▸ Exercise directions
I need the lines from the one holding "Wall lamp Romy chromowany / white LED 40W" to the last line of the data below repeated exactly, both included, without pictures.

▸ Input data
== == ==

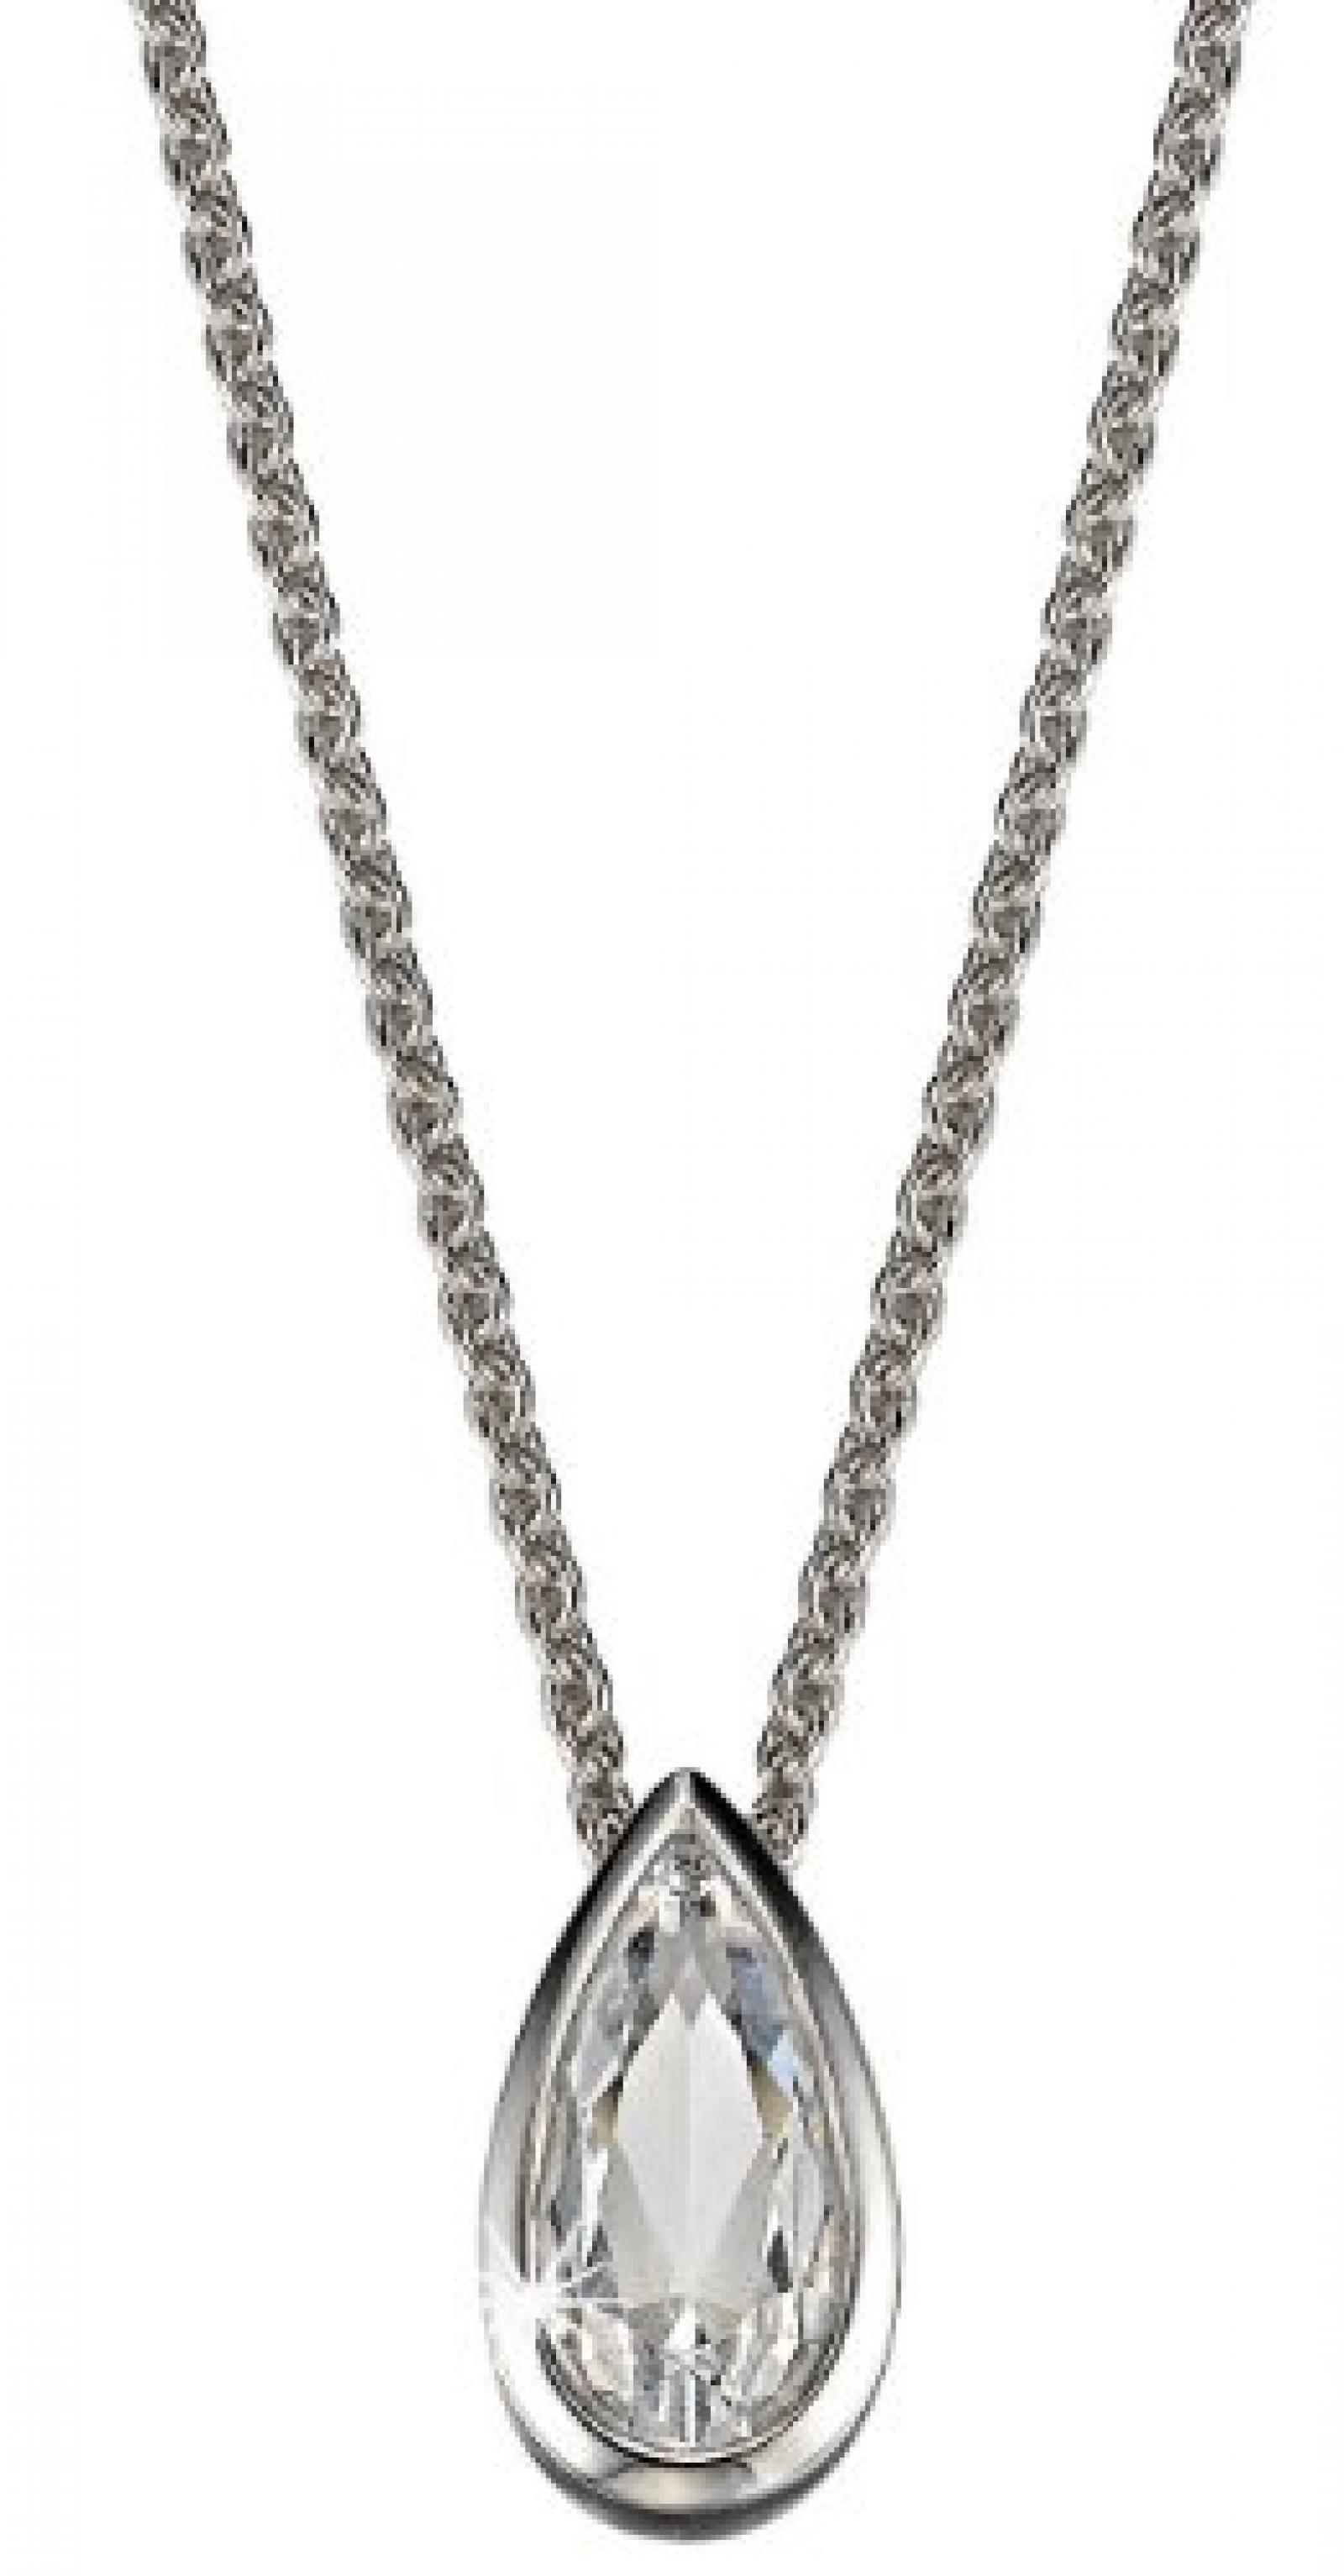 Pierre Cardin Damen Halskette 925 Sterling Silber rhodiniert Kristall Zirkonia Yeux en amandes 42 cm weiß PCNL90416A420
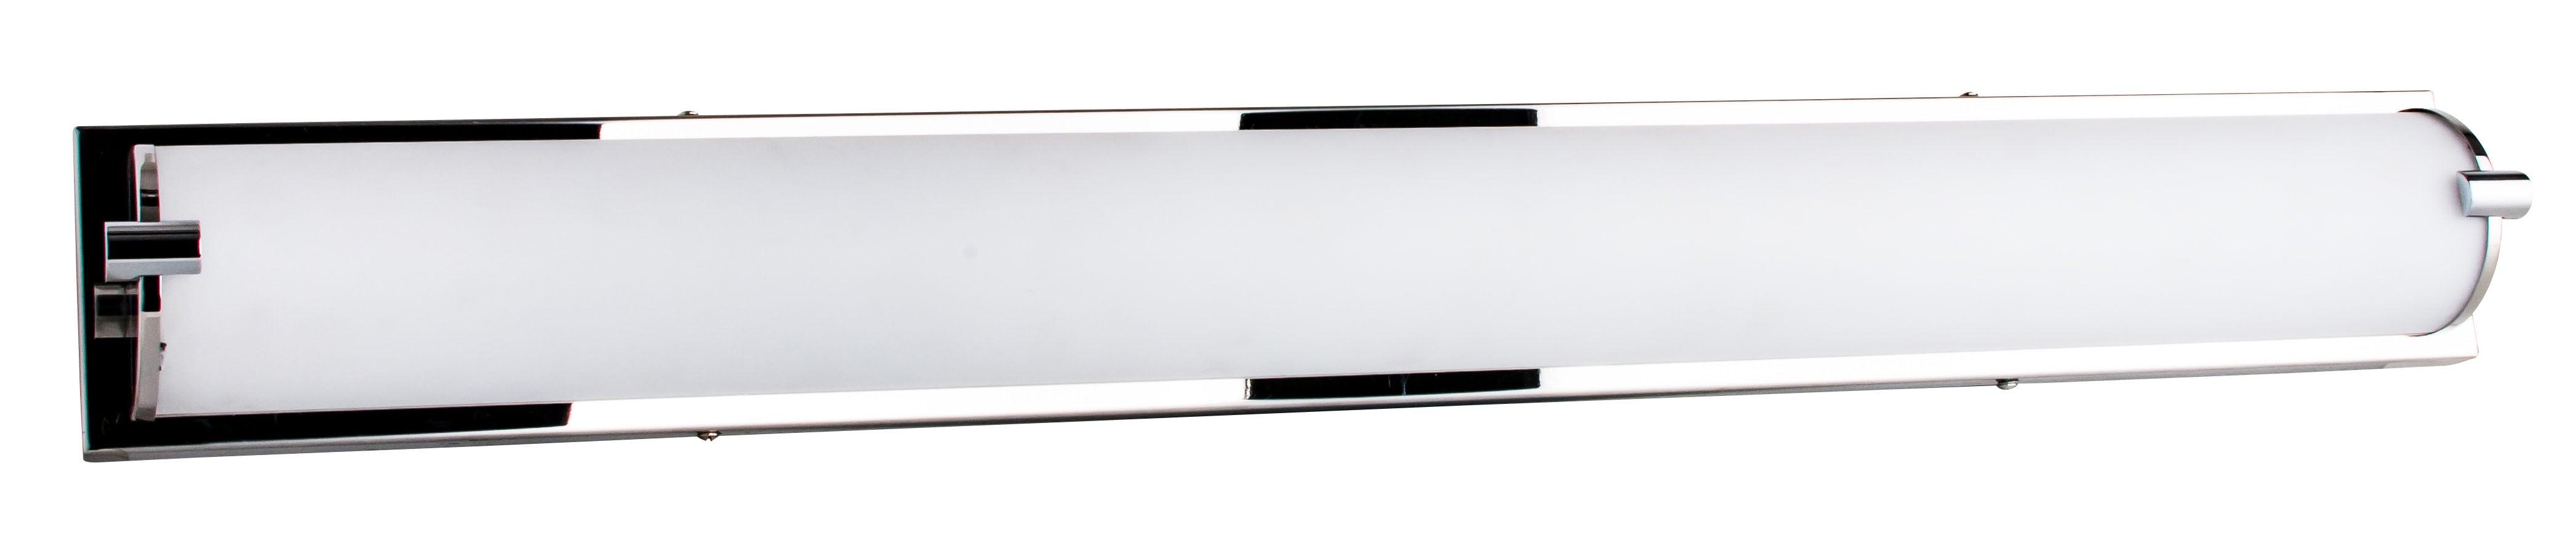 Wall lamp Romy chromowany / white LED 40W
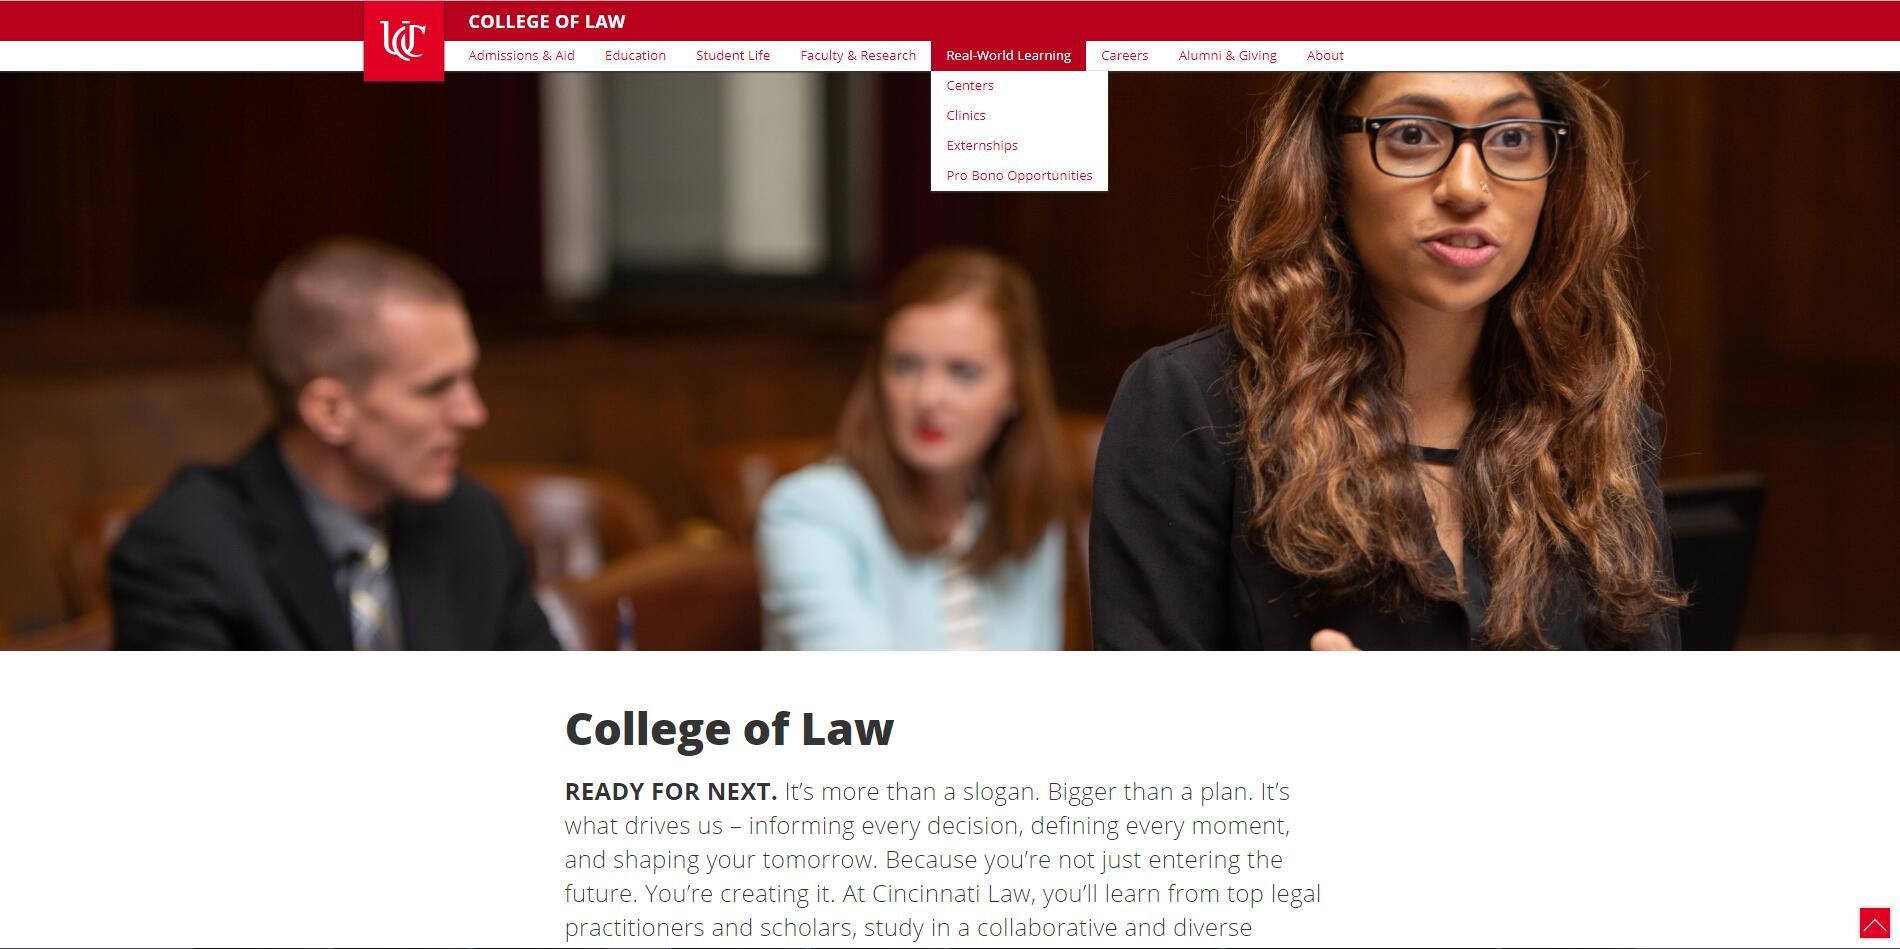 The College of Law at University of Cincinnati

== == ==

▸ Result for this exercise
 Wall lamp Romy chromowany / white LED 40W
 The College of Law at University of Cincinnati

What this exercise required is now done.